Manufacturer of Innovative Products that Resolve Drywall Installation Issues

Clayton Capital Partners, a St. Louis-based investment banking firm, is pleased to exclusively represent ‘CO214’ in the sale of its business. CO214, headquartered in the Midwest, is a manufacturer of innovative products that resolve commonly faced drywall issues.

  • Innovative and Unique ProductsCO214’s founder has developed a unique set of products that significantly improve the ease, efficiency, and quality of the drywall installation process. The Company's use of innovative designs and unique materials results in higher quality products that require a lower skill set to install. 

  • Patented TechnologyThe owner has obtained several domestic and international patents that help protect the Company's innovative technology.

  • Custom Designed Manufacturing CapabilitiesThe Company’s state-of-the-art manufacturing facility has been custom designed to manufacture its products to the highest level of efficiency. In addition, CO214’s facility is equipped to accommodate future growth as it currently operates at 1/3 capacity.
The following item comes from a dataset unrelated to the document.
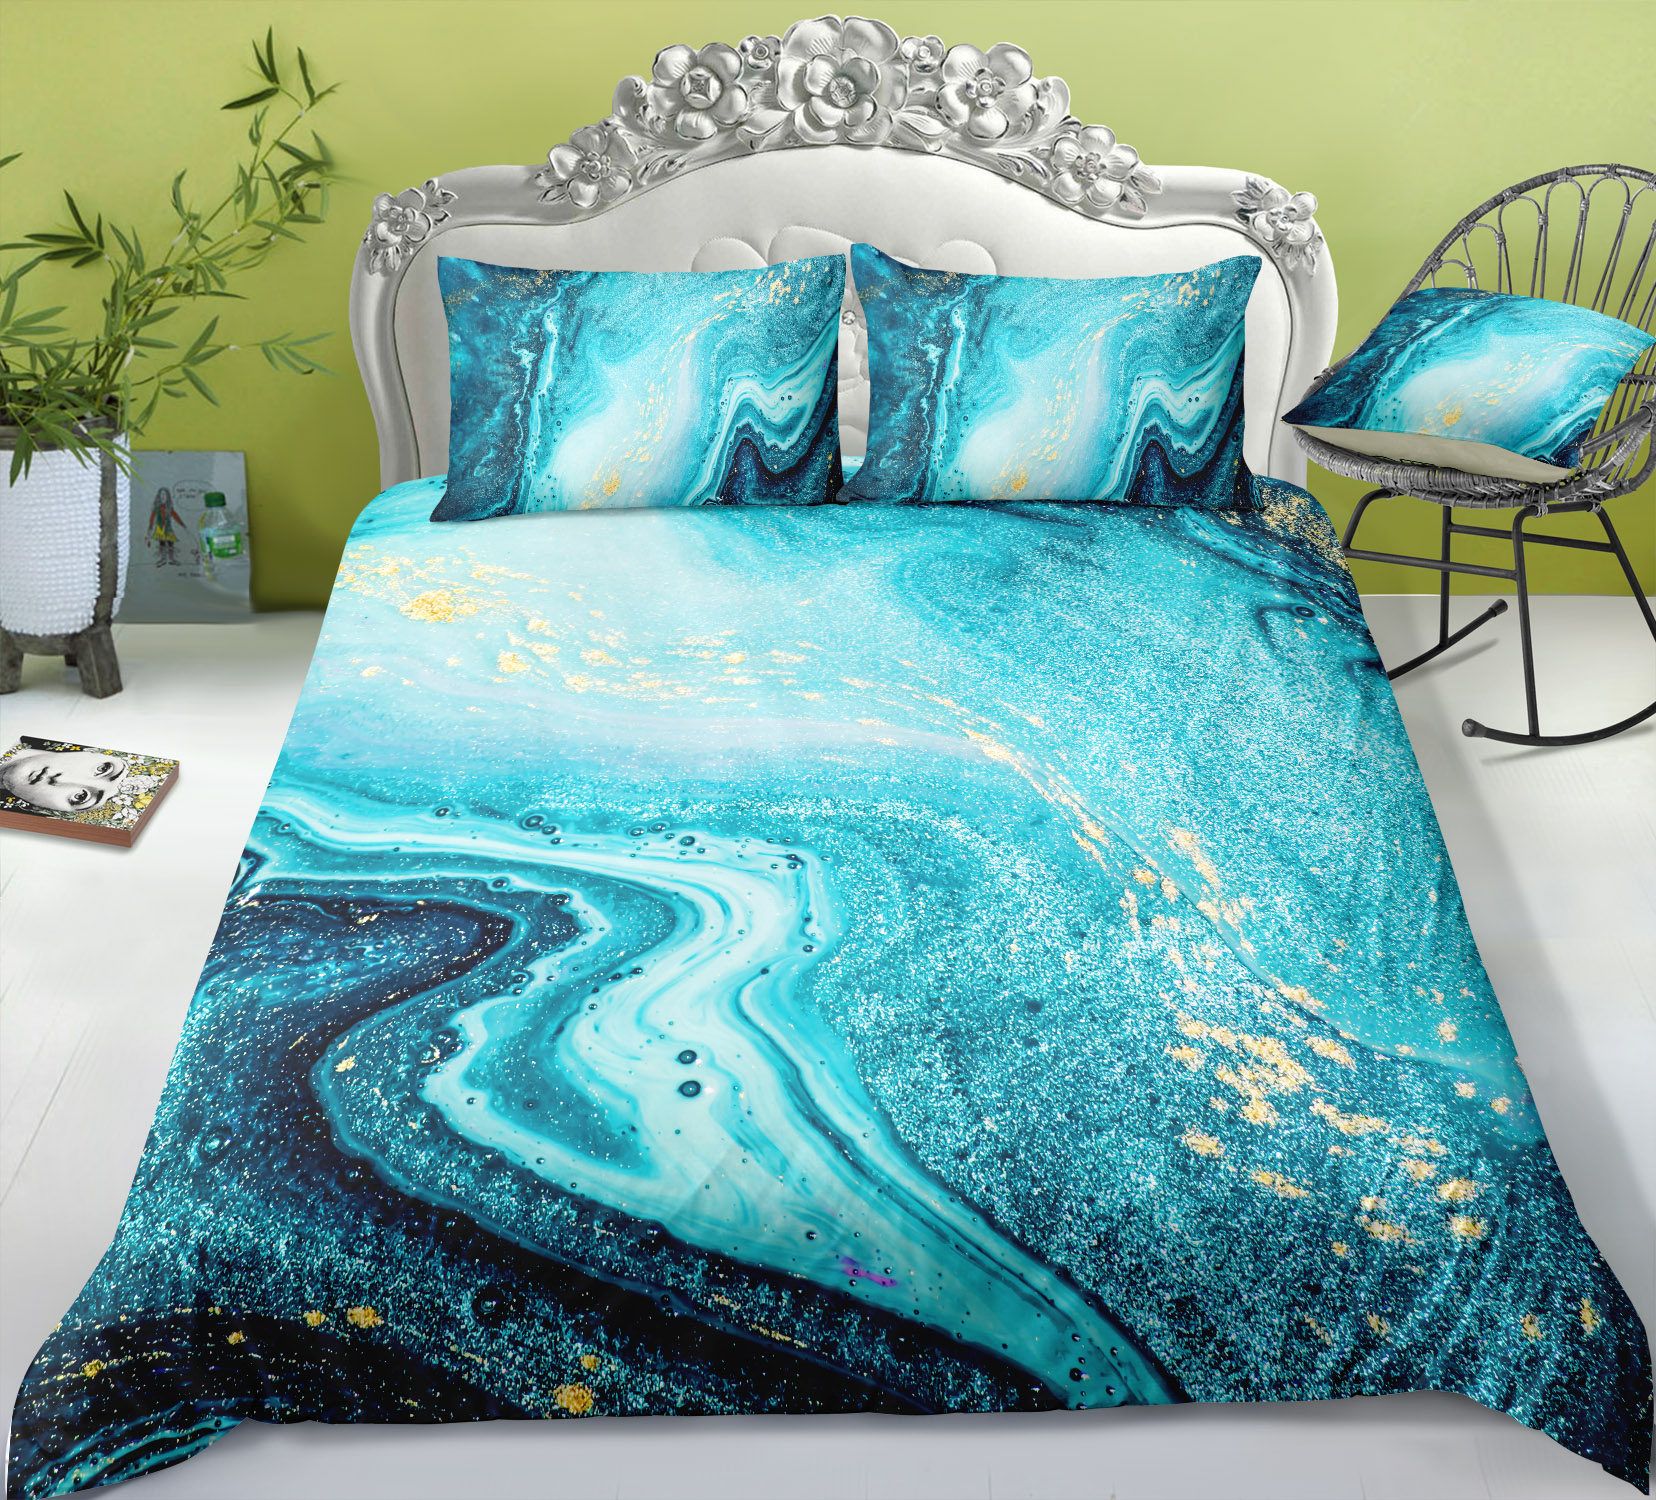 Blue Marble Bedding Set King Size, How To Put A Duvet Cover On King Size Bed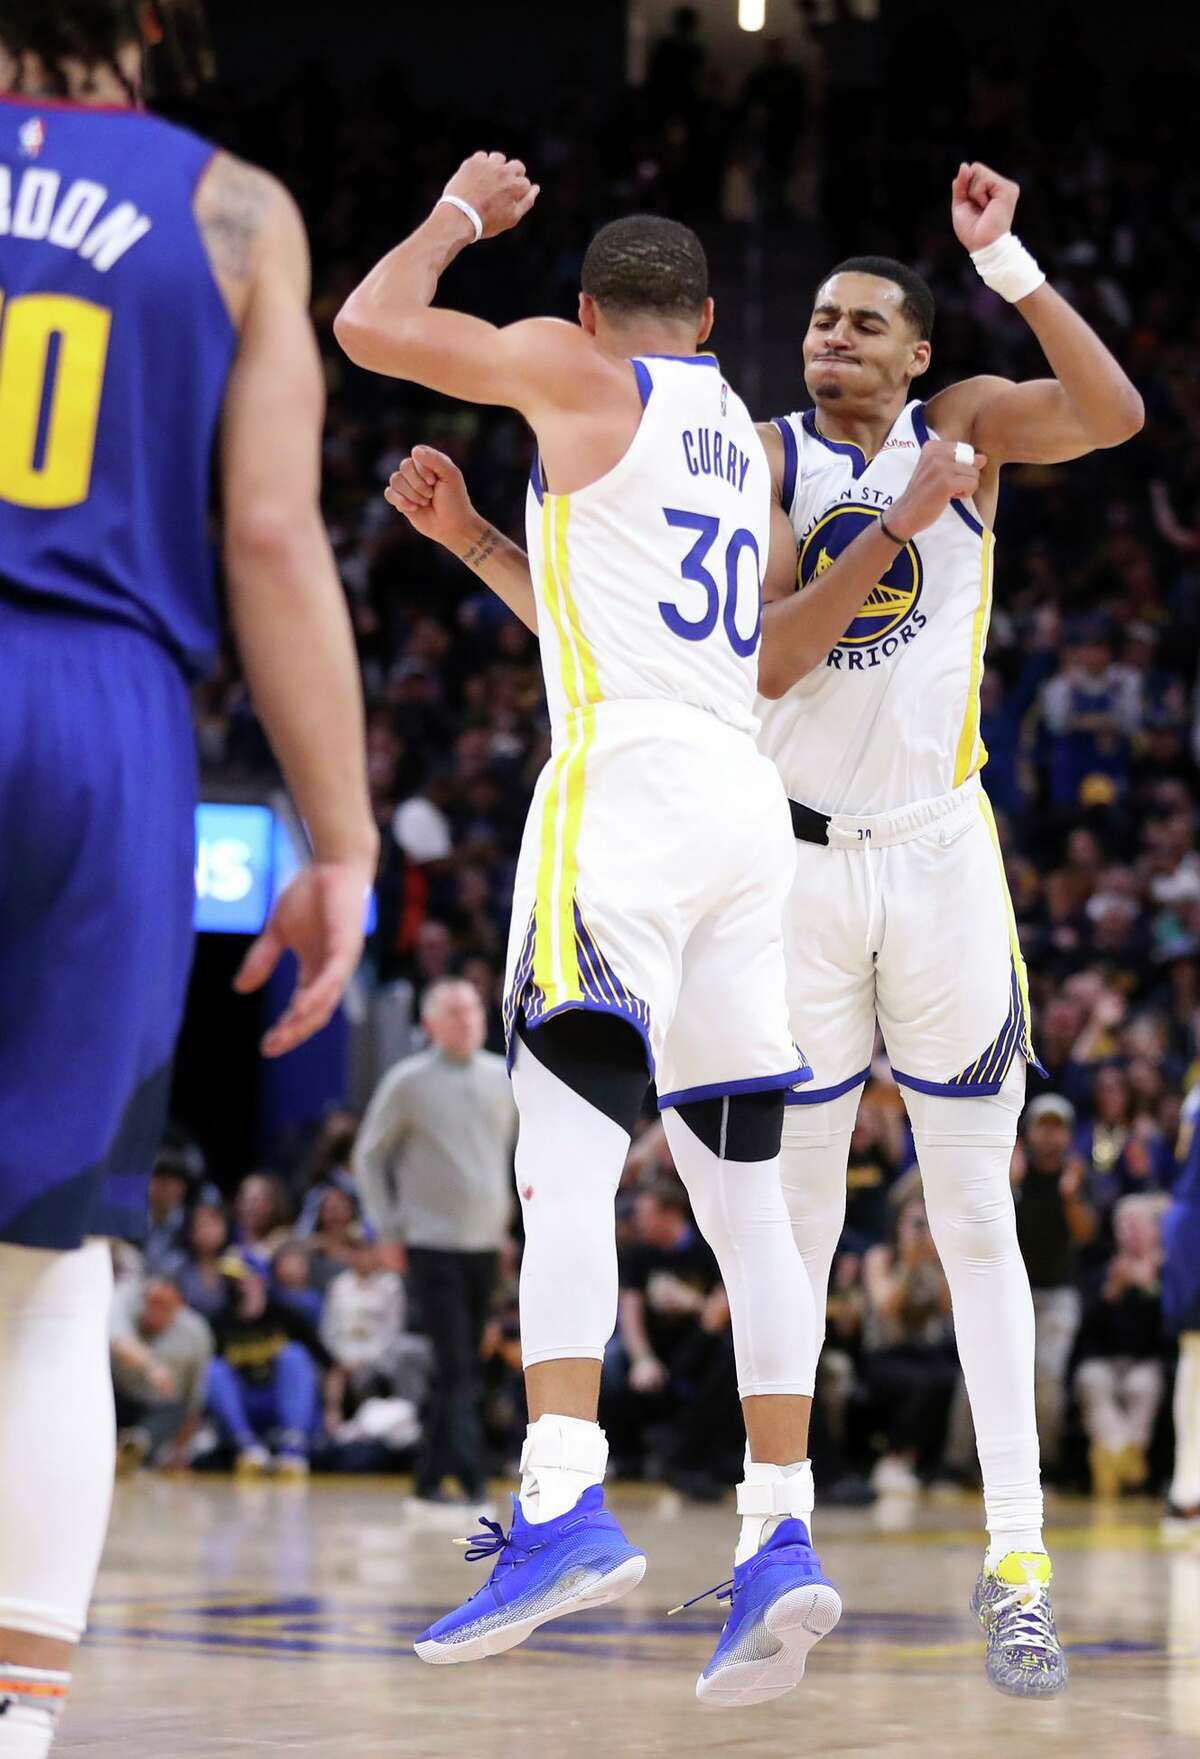 Warriors guards Jordan Poole and Stephen Curry celebrate Curry’s basket in the fourth quarter of a 126-106 win over the Denver Nuggets in Game 2 of their first-round series.

  • Improving Economic ConditionsAs the economy continues to recover from the recession the key drivers of the drywall installation industry are all expected to experience growth.  CO214’s excess capacity and superior products put it in an ideal position to capitalize upon improving conditions in the construction industry.

CO214 Financial Data
 
Year Ended
12/31/2010
Year Ended
12/31/2011
Year Ended
12/31/2012

LTM Ending
6/30/2013

Net Sales
$7,630,384
$7,758,806
$9,277,515
$10,398,434
Gross Profit%
27.6%
26.8%
30.4%
31.7%
Adjusted EBITDA
$1,466,989
$1,307,923
$1,945,441
$2,476,909

 


CCP Client 'CO214' - NON-DISCLOSURE AGREEMENT
The undersigned hereby agrees:

That all information, data and materials disclosed or furnished (herein called the Information) by Clayton Capital Partners Acquisition Candidate CO214 (herein called the Company) will be maintained strictly confidential and that, in consideration for such disclosure, no use of the Information will be made by any signing party, or employees of such party, other than for internal evaluation purposes, on a strictly confidential basis.

It is understood that disclosure of any of the Information, including the possibility that the Shareholders may consider sale, disclosure of the current status of the Company, or disclosure of any information to customers, vendors, competitors, or employees of the Company would cause serious financial damage to the Company and/or its affiliates.

The undersigned also agrees that, for the term of this agreement, they will not solicit for employment any person who is currently employed by the Company.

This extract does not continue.